Debating the potential of machine learning in astronomical surveys

A Deep Learning Neural Network for Voigt Profile Fitting Quasar Absorption Lines
Bryson Stemock  1@  , Christopher Churchill  1  , Caitlin Doughty  1, 2  , Rogelio Ochoa  1  , Sultan Hassan  1, 3  
1 : New Mexico State University
2 : Leiden Observatory [Leiden]
3 : Flatiron Institute

The Voigt Profile (VP) fitting of absorption lines in quasar spectra has been instrumental in our study of cosmic gaseous structures for more than 50 years. VP fitting Lyman-alpha forest lines has been key for constraining the column density distributions, temperatures, and kinematics of the intergalactic medium (IGM). In Lyman-alpha absorption-selected systems, many gas structures in the circumgalactic media (CGM) of galaxies give rise to metal lines spanning a wide range of ionization stages. VP fitting these absorption line systems yields column density constraints for chemical-ionization models from which densities, cloud structures, metallicities, and temperatures can be measured.

VP fitting complex kinematic systems is extremely time consuming; it took more than 3 years for Evans (2011) to fit ~420 MgII absorption-selected systems from ~250 HIRES and UVES quasar spectra. If these human-intensive methods aren't replaced by more efficient methods, the field of quasar absorption line spectroscopy will struggle to progress alongside the rest of astronomical research as a whole. In recent years, machine learning (a subfield of artificial intelligence) has been successfully employed in many facets of extragalactic astronomy to analyze data from large surveys. In one instance, a convolutional neural network (CNN) was designed that predicts the redshift and column density of damped Lyman-alpha absorbers (DLAs) in un-normalized SDSS spectra with a reliability matching previous human-generated catalogs. This work eradicated the human-intensive labor of continuum fitting, absorption line searching and identification, and VP fitting.

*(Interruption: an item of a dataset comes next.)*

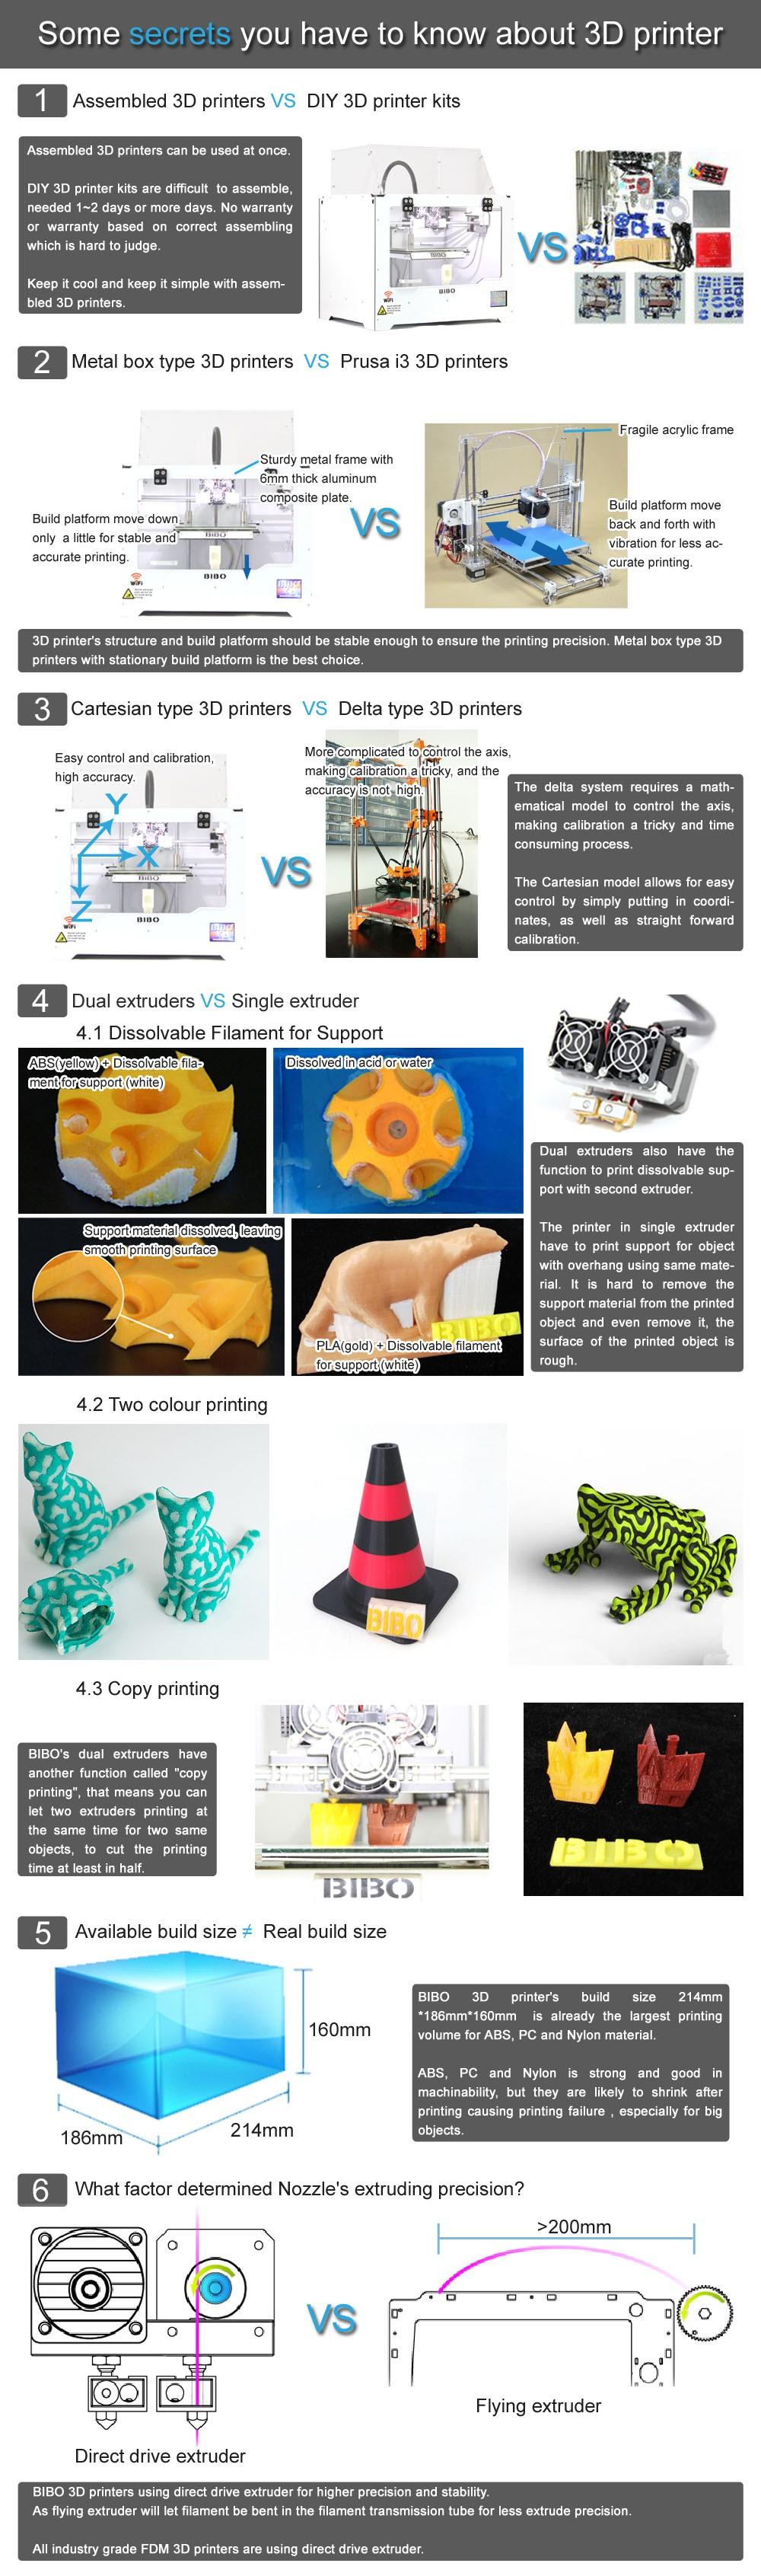 [BIBO] segredos para impressora 3D

We are replacing the inefficient human analysis involved in VP fitting metal absorption lines with CNNs that take input absorption spectra and return column densities, Doppler b parameters, and cloud velocities in a matter of seconds. Specifically, we have trained a CNN on one million simulated single cloud MgII doublets with varied signal-to-noise ratios and tested its predictions against a VP fitter using both 100,000 simulated MgII doublets and 56 observed MgII doublets from the sample of Churchill et al. (2020). We find that while our current CNN couldn't match the accuracy of the fitter, it provided an initial model to the fitter that resulted in that fitter giving results statistically consistent with those obtained when a human provided the initial model. Thus, the CNN is able to accurately emulate a human expert's work, giving rise to more than an order of magnitude in time savings.